Friday, February 12, 2010

I am the Sound

I'm sweeping my porch, or "veranda" as they call it here. Although, such a term conjures peaceful images of a shady, columned patio overgrown with ivy, not the likes of my screened-in, tiled front entrance way. It's Friday, and the neighborhood is pulsing with the frenetic activity that only a weekend could bring about. Music and telenovelas blare from each and every house-except mine. I have but a measly sound system, comprised of an iPod plugged into a miniscule set of baby speakers. O, Big Lots, you've given me quite the deal at $7.50, but I fear my music is in an uphill battle against the likes of Bryan Adams, Michael Bolton and Poder Paralelo.
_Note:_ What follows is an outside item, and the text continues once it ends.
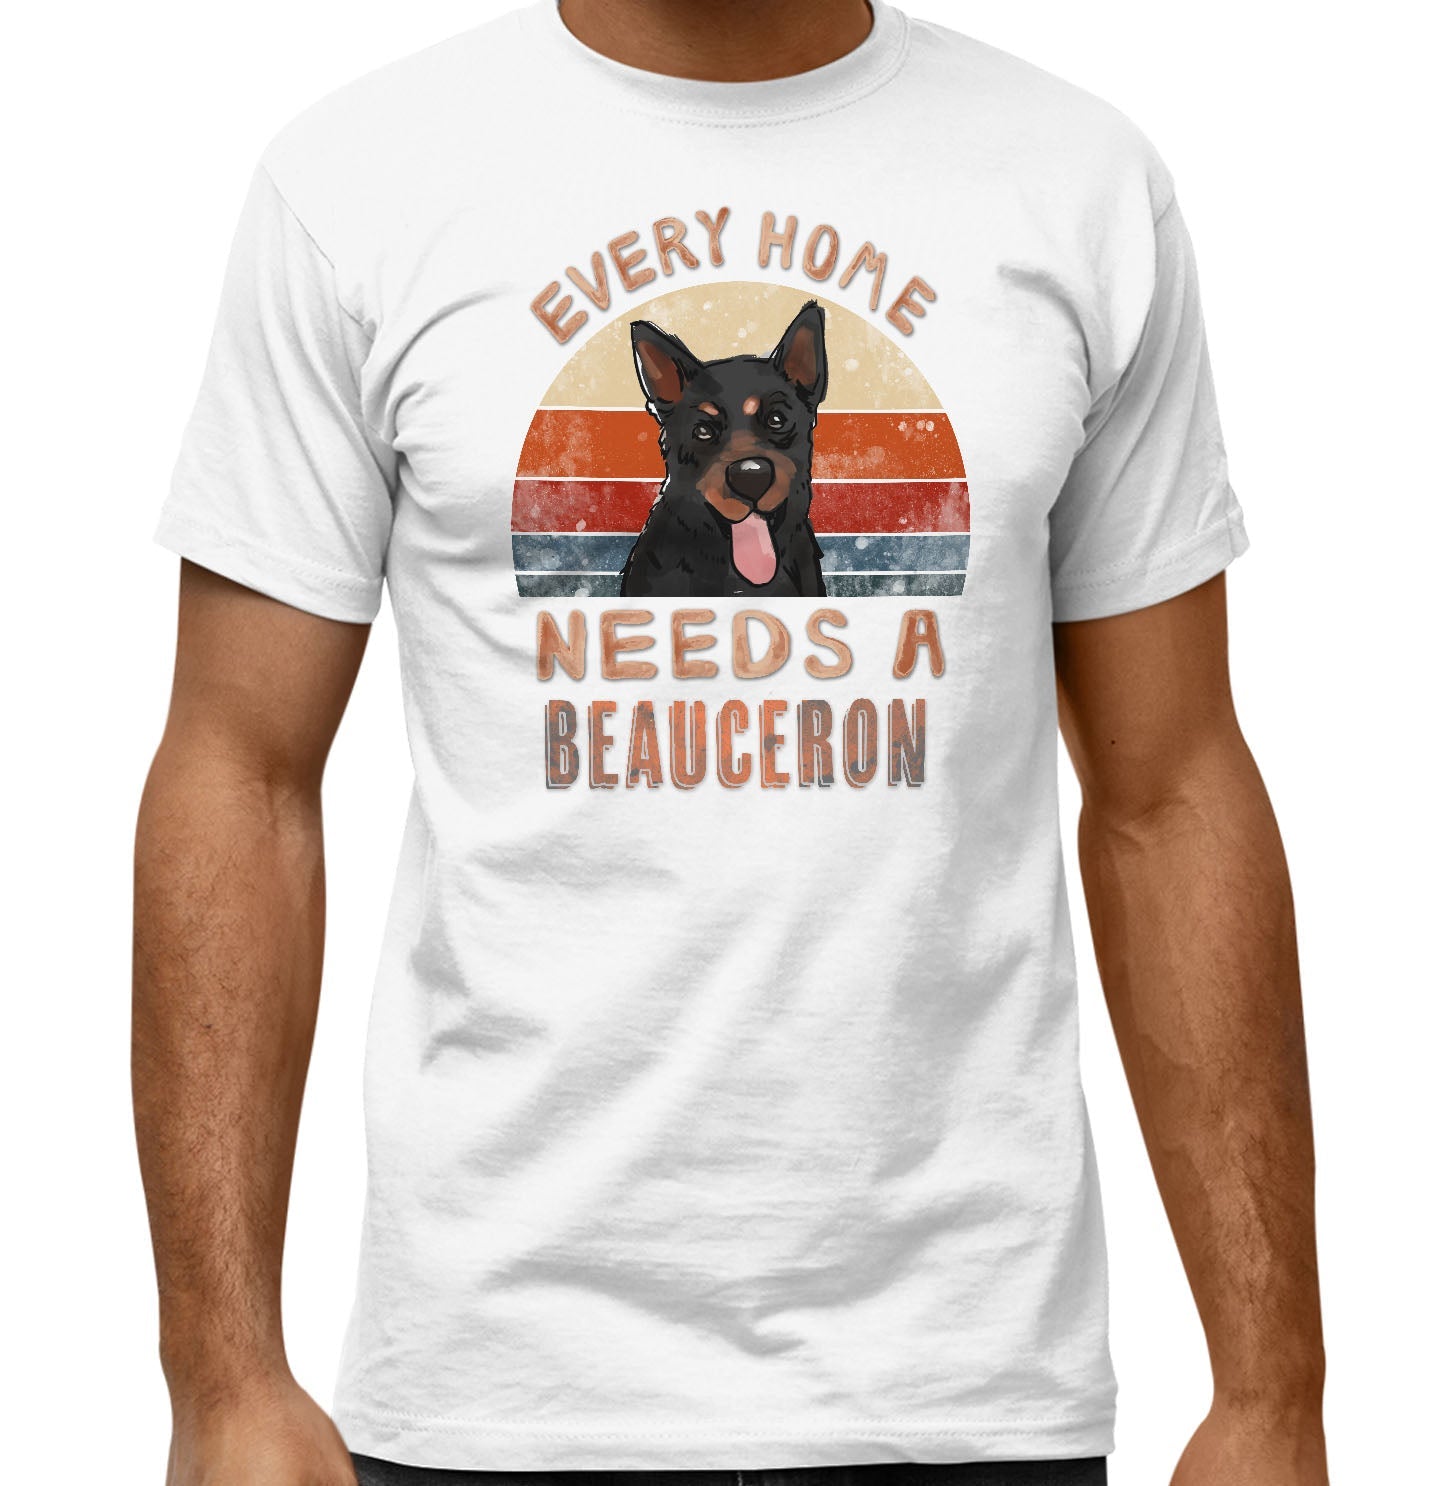 Every Home Needs a Beauceron - Adult Unisex T-Shirt

I'm sweeping my porch, and from out here I can't tell if the woman singing in my kitchen is Joanna Newsom or Lauryn Hill. But it's ok because the dashing, shaggy-haired protagonist just rescued the damsel from the maniacal villian on Poder Paralelo and the crowd is going wild. Cheers, clapping and similar outbursts of victory fill the night air, and I can't help but think it's the closest thing I have to Sunday afternoon football.

Sunday, February 7, 2010

Yo, teach!

The Peace Corps is a learning experience. Say, for instance, it teaches me how to gracefully descend from a flatbed truck without falling on my butt in the mud, or that fresh flowers put on my table by the neighborhood children make me so happy, and that listening to the music on my iPod makes me miss home. But I've also learned that if I sit still and quietly enough on the beach, a giant crab will burst out of the sand beside me, and that with enough experimentation and ingenuity, I too can knit a hat for my neighbor's baby. Oh no, the Peace Corps experience doesn't just teach us about liking floral arrangements or the habits of local crustaceans-it teaches us about ourselves. Like, that I've always been on Mozambican time, and that sitting around all day visiting with neighbors is what I've always rather have been doing. But most of all-and please allow me this moment of weakness to be cliché-it teaches me everyday that I'm stronger than I ever thought I was... Oh, and also that scrunched up notebook paper works as an adequate substitute for toilet paper.